BEGIN

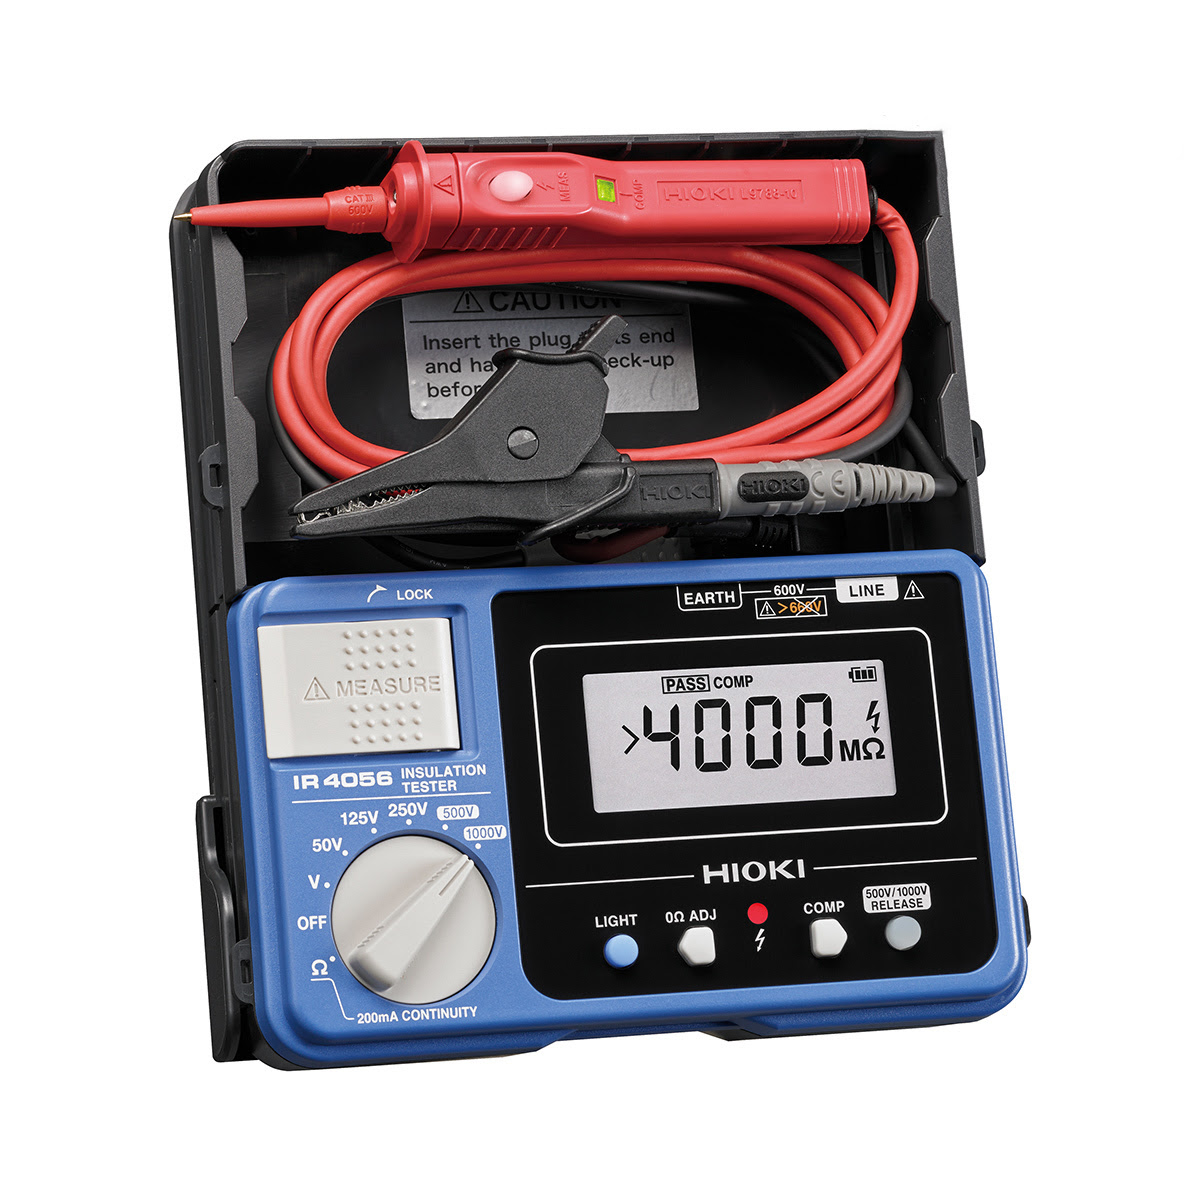 đại lý cung cấp thiết bị đo điện trở cách điện hioki ir4056-21
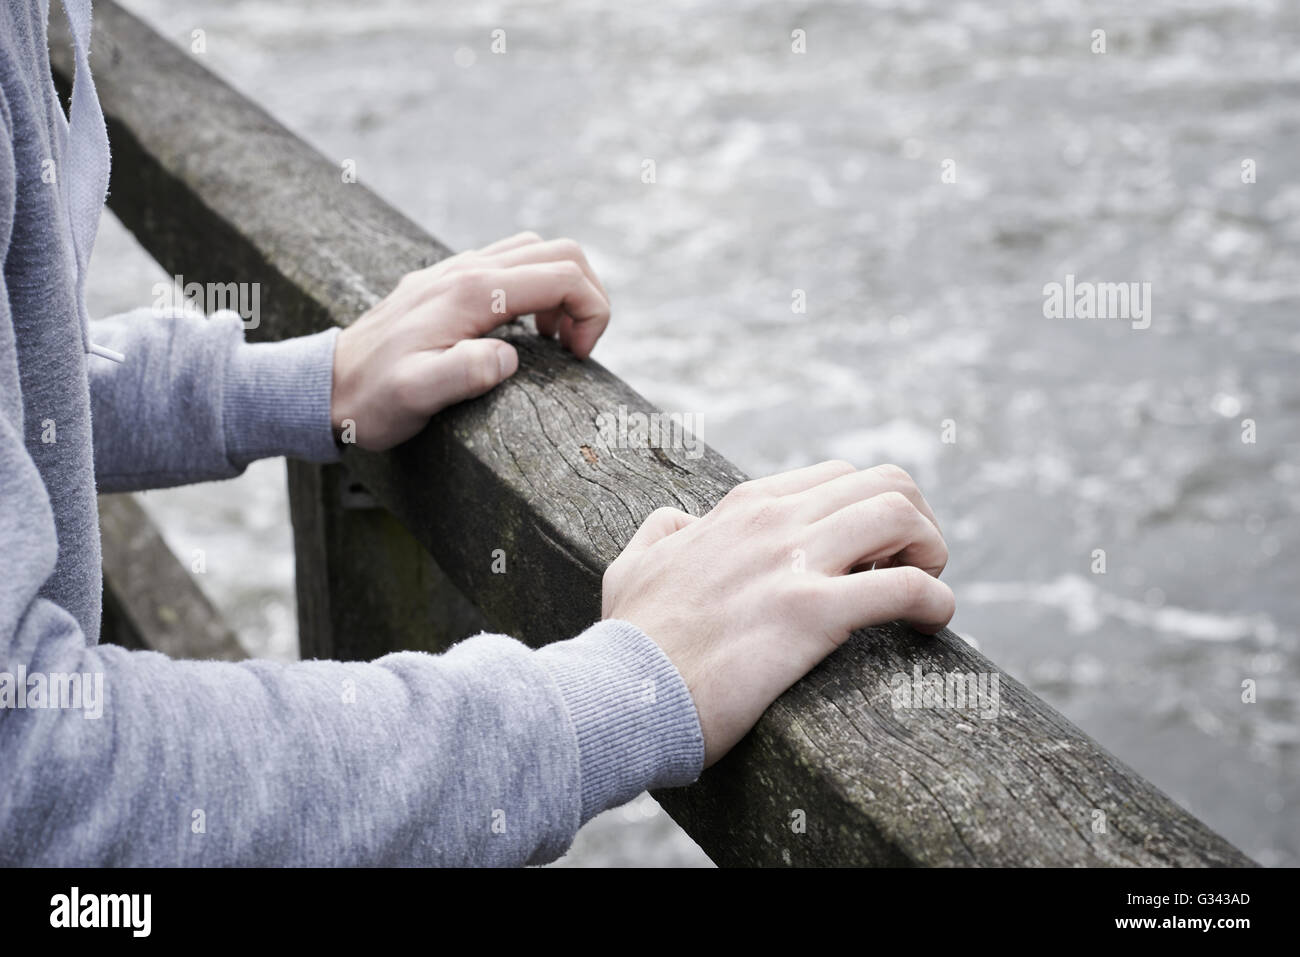 Pisado Joven contemplando el suicidio en el puente sobre el río Foto de stock
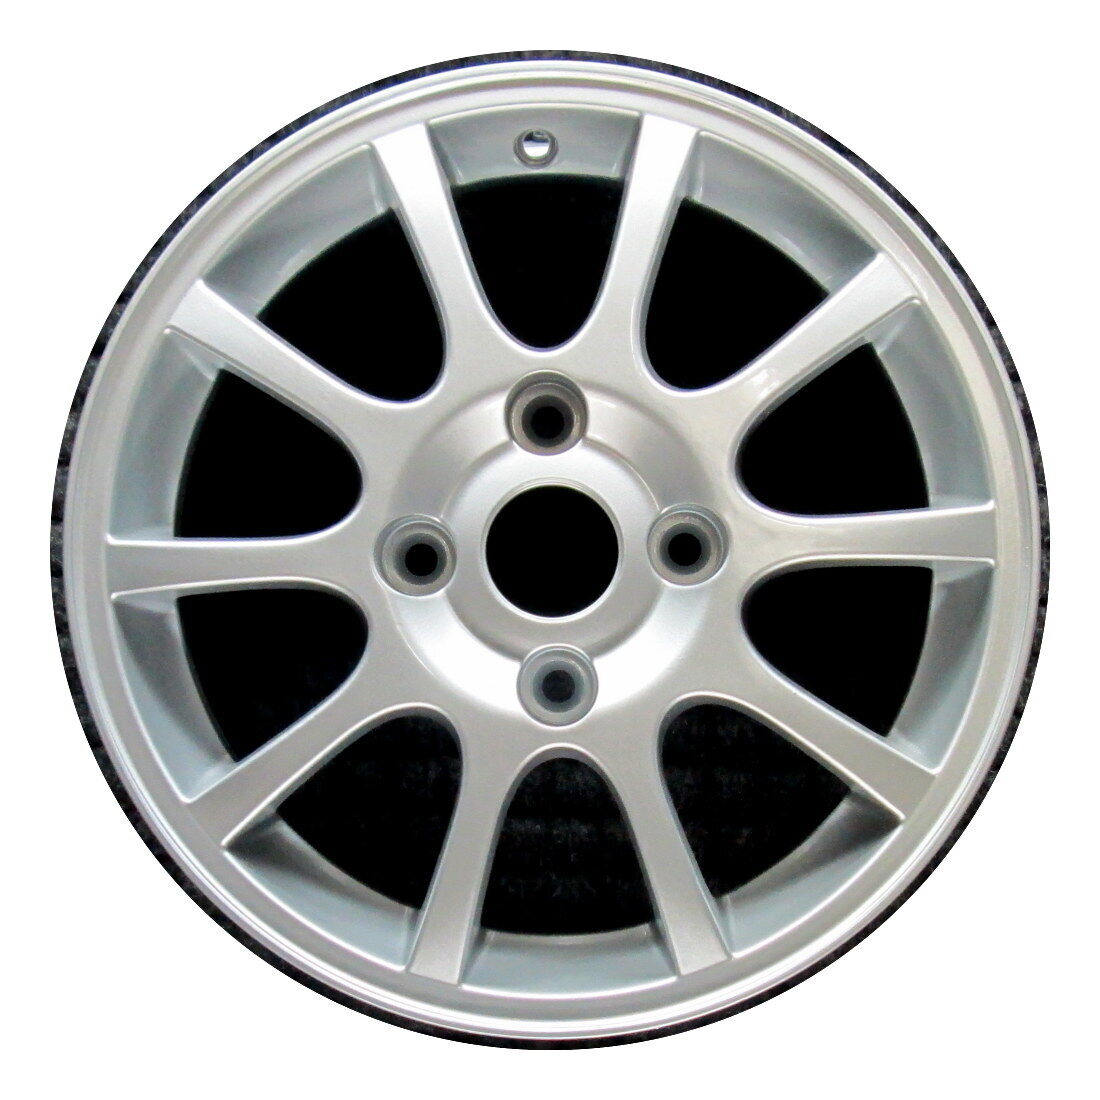 Wheel Rim Volvo S40 V40 15 2000-2004 306186115 30618288 OEM Factory OE 70249

END

PROBLEM TO WORK ON: Please retype the material in full, exactly as it reads, apart from the images.

RESPONSE:
 đại lý cung cấp thiết bị đo điện trở cách điện hioki ir4056-21
 Pisado Joven contemplando el suicidio en el puente sobre el río Foto de stock
 Wheel Rim Volvo S40 V40 15 2000-2004 306186115 30618288 OEM Factory OE 70249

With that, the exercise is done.